*What the task asks*: Transcribe all of the data verbatim, please, and leave out its pictures.

*Data*:
────────────────────

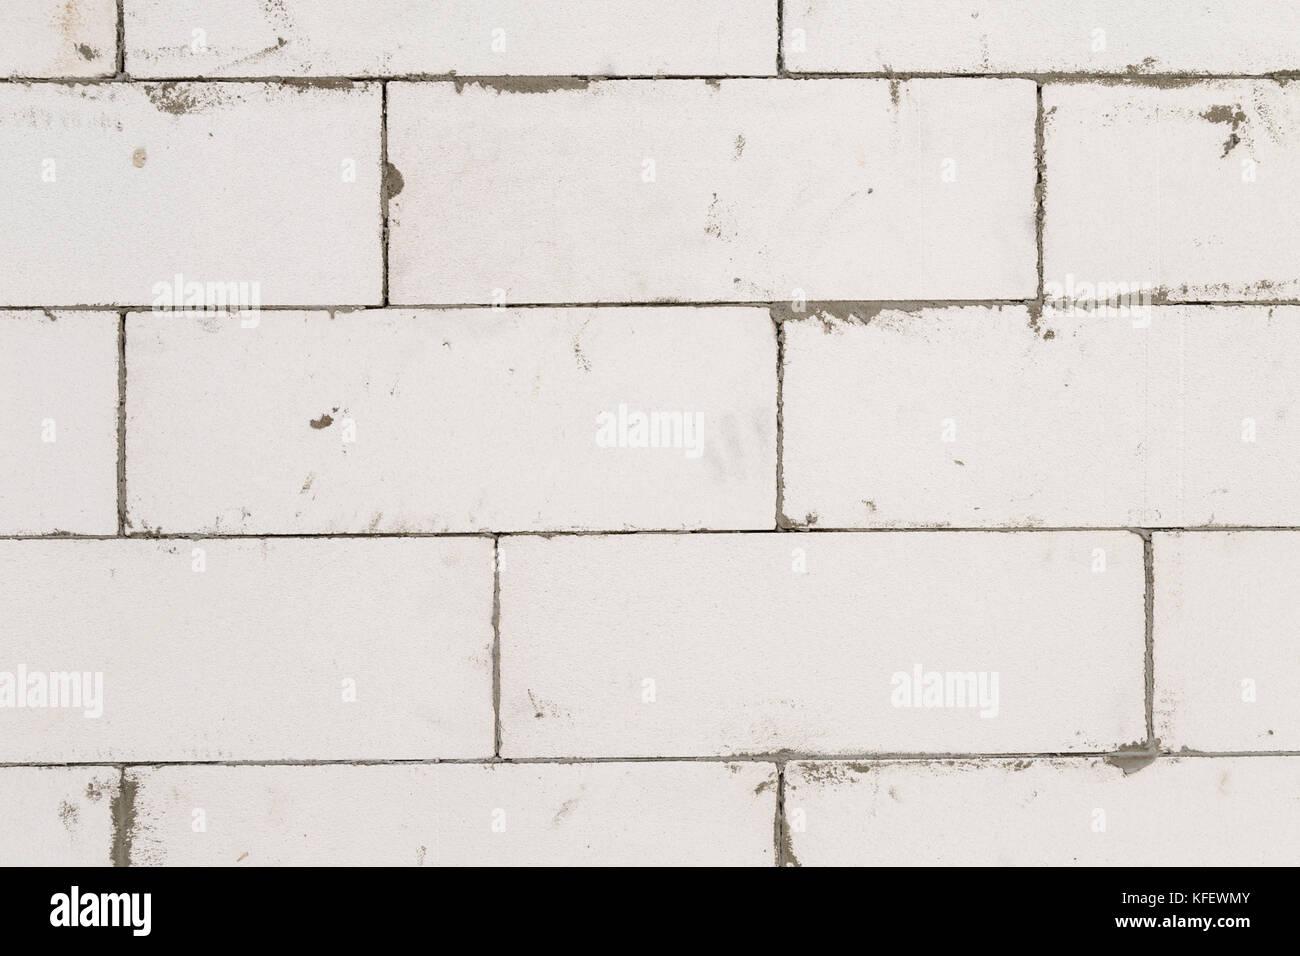 Masonry walls of aerated concrete 47
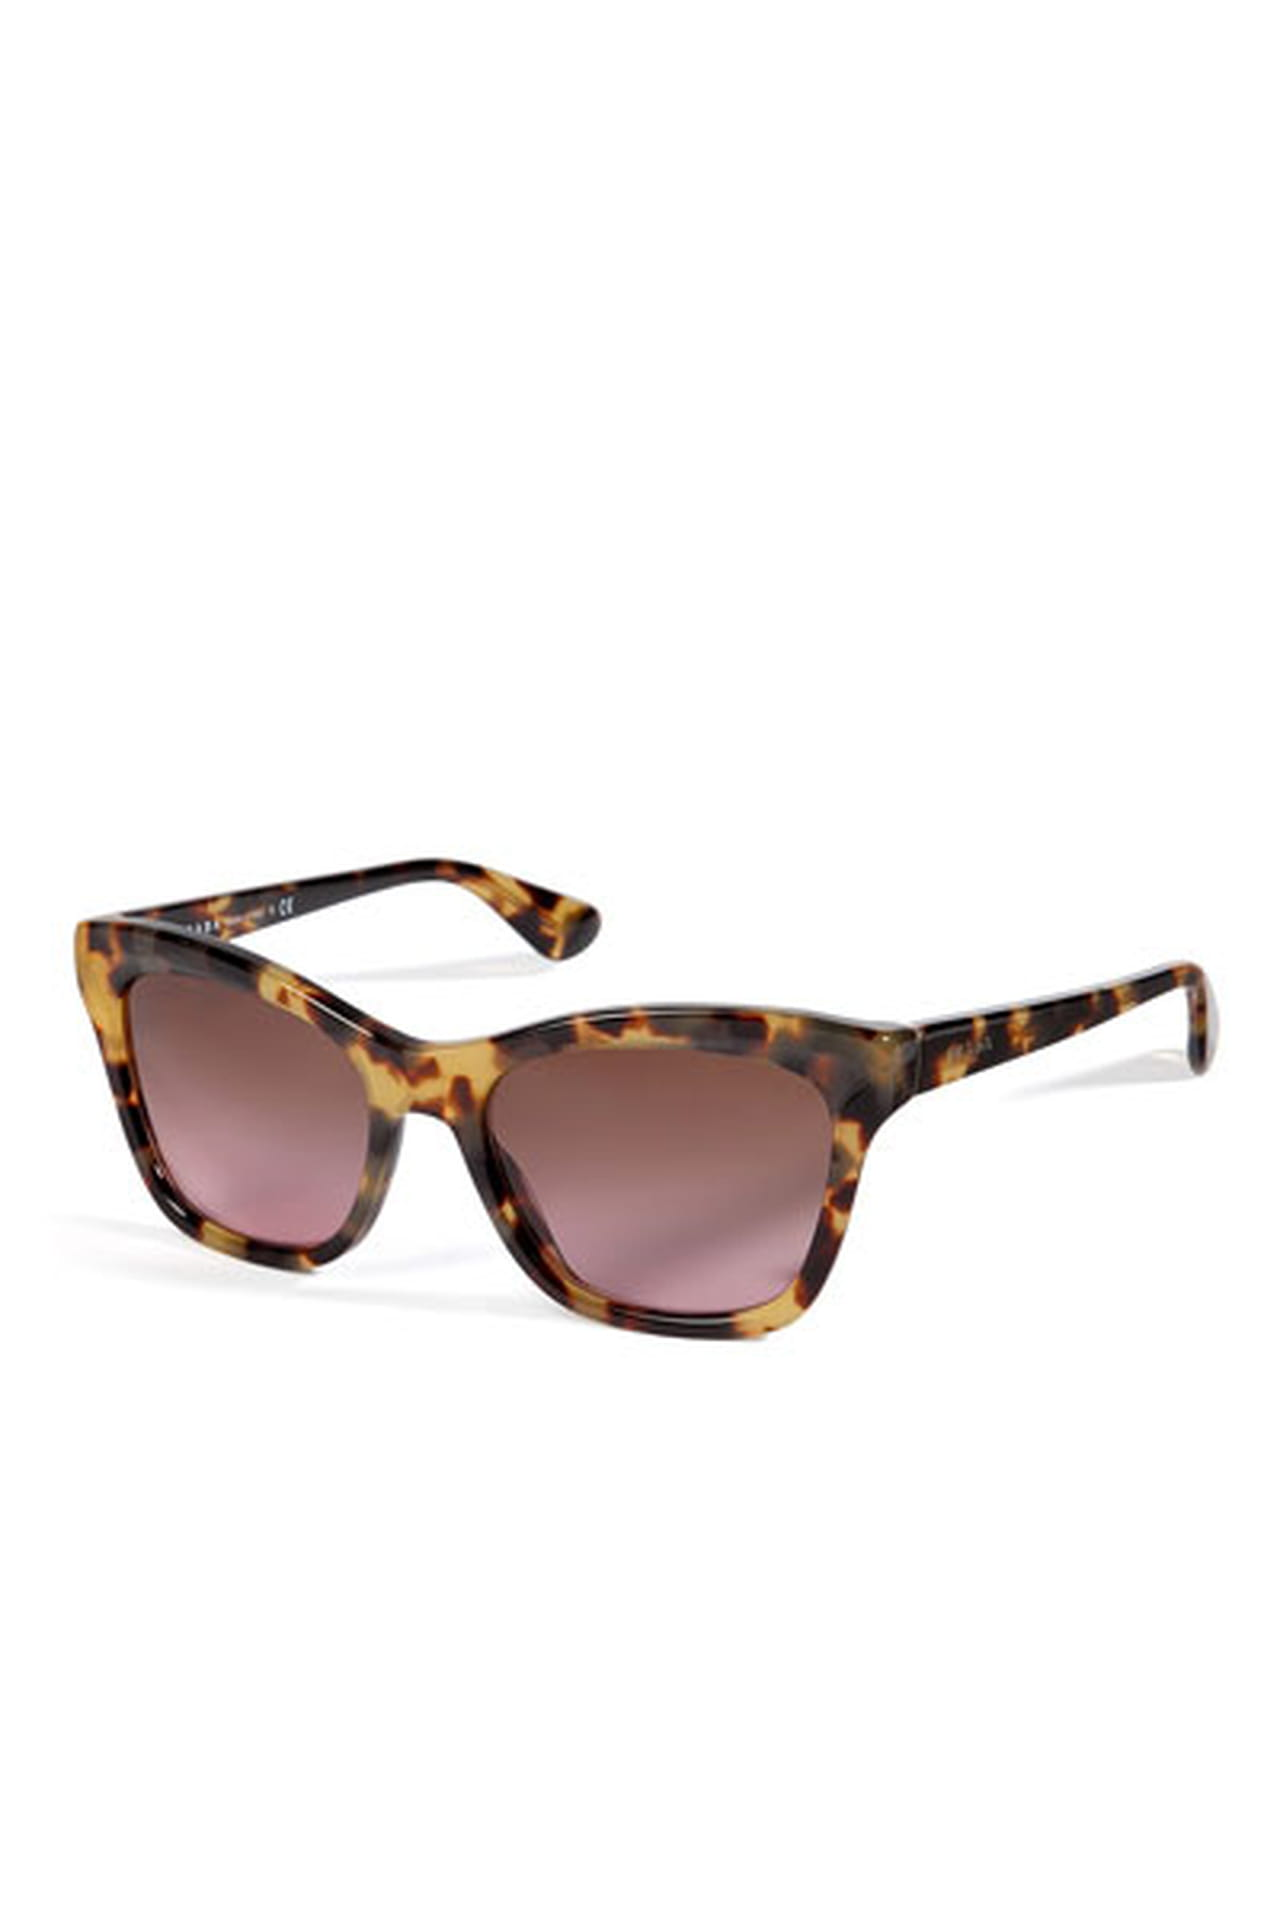 07d60360c نظارة عصرية من برادا Prada وتتوفر بسعر 848 درهم إماراتي.
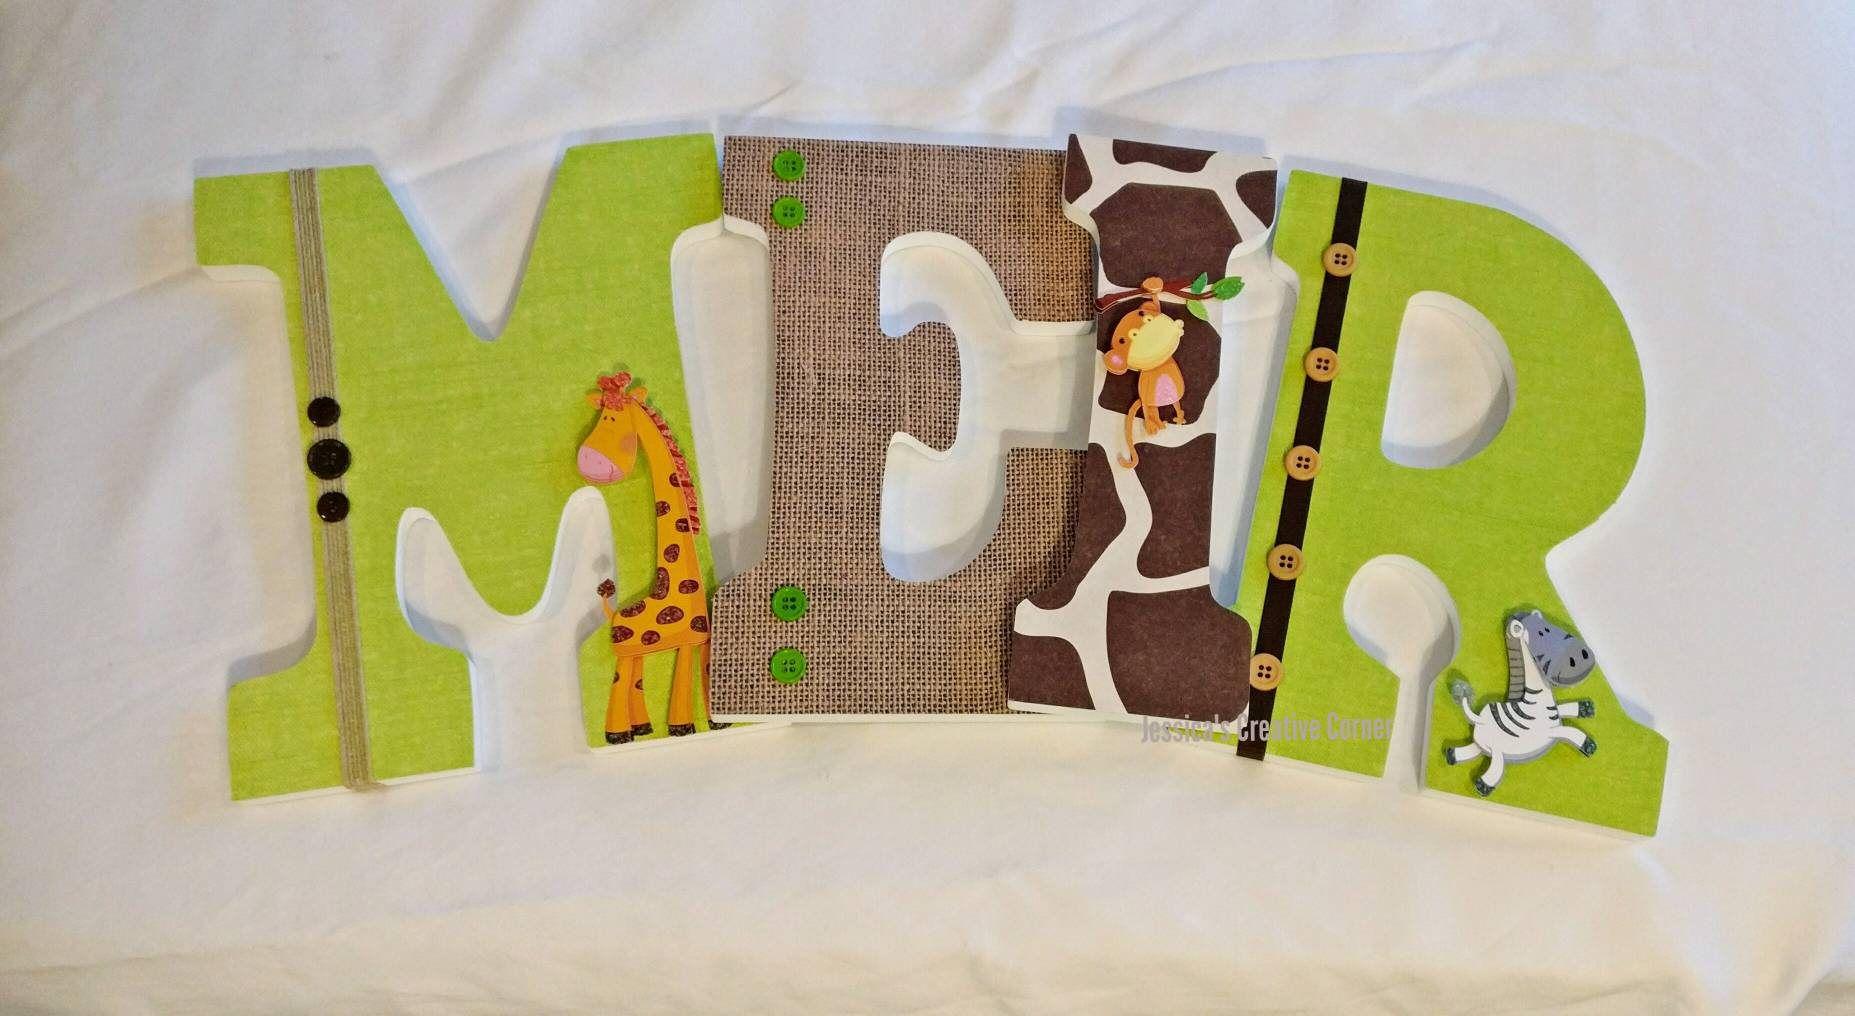 Jungle nursery wooden letters safari nursery decor jungle

────────────────────

*Exercise result*:
 Masonry walls of aerated concrete 47
 07d60360c نظارة عصرية من برادا Prada وتتوفر بسعر 848 درهم إماراتي.
 Jungle nursery wooden letters safari nursery decor jungle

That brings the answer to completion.